Massachusetts Supreme Judicial Court

SUMMARY: (court decision – opens in PDF)

“The primary issue in this case is whether the commissions-based compensation scheme for sales employees of a retail employer, Jordan’s Furniture, Inc. (Jordan’s), complied with the overtime statute, G.L.c. 151, §1A, and the Sunday pay statute, G.L.c. 136, §6(50). We held in Sullivan v. Sleepy’s LLC, 482 Mass. 227, 228 (2019) (Sleepy’s), that (1) employers must make ‘separate and additional payments’ to one hundred percent commission sales employees, to compensate the employees ‘for every hour [they] worked over forty hours or on Sunday’; and (2) ‘draws and commissions cannot be retroactively allocated’ to meet these requirements ‘even if th[o]se draws and commissions equaled or exceeded the minimum wage for the employees’ first forty hours of work and one and one-half times the minimum wage for all hours worked over forty hours or on Sunday.’

“This class action lawsuit was brought in the Superior Court by a former Jordan’s employee on behalf of all persons employed at one of Jordan’s Massachusetts stores as sales employees between 2016 and 2019 and who worked more than forty hours in any work week or on any Sunday. The plaintiff class alleged that Jordan’s failed to comply with the requirements this court outlined in Sleepy’s. … On cross motions for summary judgment, the motion judge agreed and granted summary judgment in favor of the plaintiff class because Jordan’s compensation plan ‘failed to remit separate and additional payments to its sales [employees] for overtime and Sundays,’ thereby violating the overtime and Sunday pay statutes. Subsequently, after the plaintiff class sought statutory attorney’s fees and costs as the prevailing party, the same judge utilized the lodestar method to calculate the award of attorney’s fees, discounted hours spent in settlement negotiations, and enhanced the lodestar figure by using a four times multiplier.

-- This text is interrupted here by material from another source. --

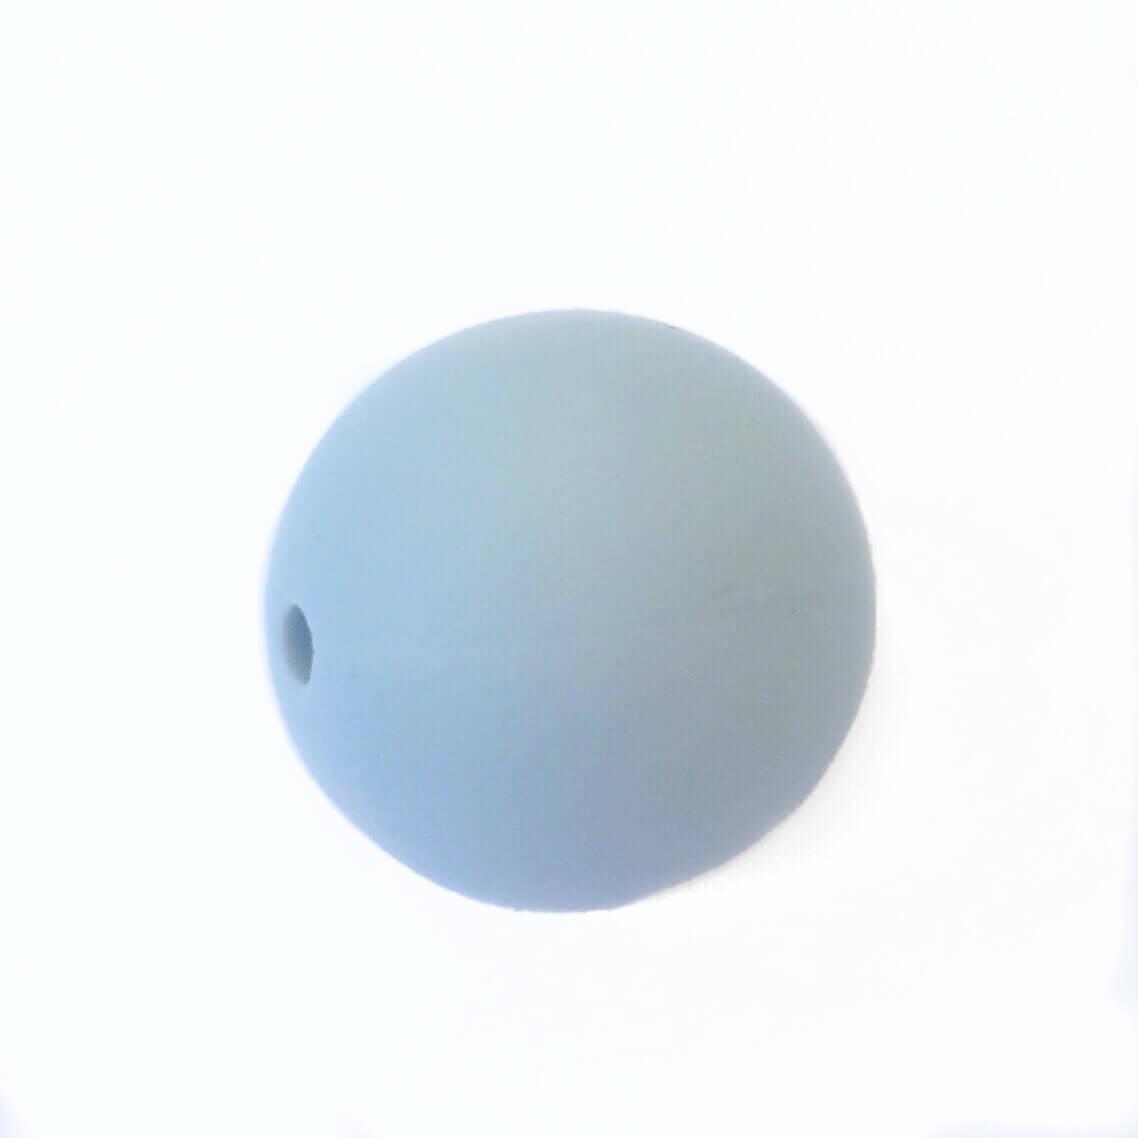 19 мм (светло-серая) круглая

“Jordan’s now appeals, maintaining that its compensation scheme complied with the overtime and Sunday pay statutes, that the judge erred in applying our decision in Sleepy’s retroactively, and that there is no private right of action for violations of the Sunday pay statute. Both parties also appeal from aspects of the judge’s calculation of attorney’s fees.

“We conclude, as the motion judge did, that Jordan’s compensation scheme violated G.L.c. 151, §1A, and G.L.c. 136, §6(50). Further, the judge did not err in applying our holding in Sleepy’s to this case. We also conclude that the Sunday pay statute is enforceable under the Wage Act’s private right of action, G.L.c. 149, §150.”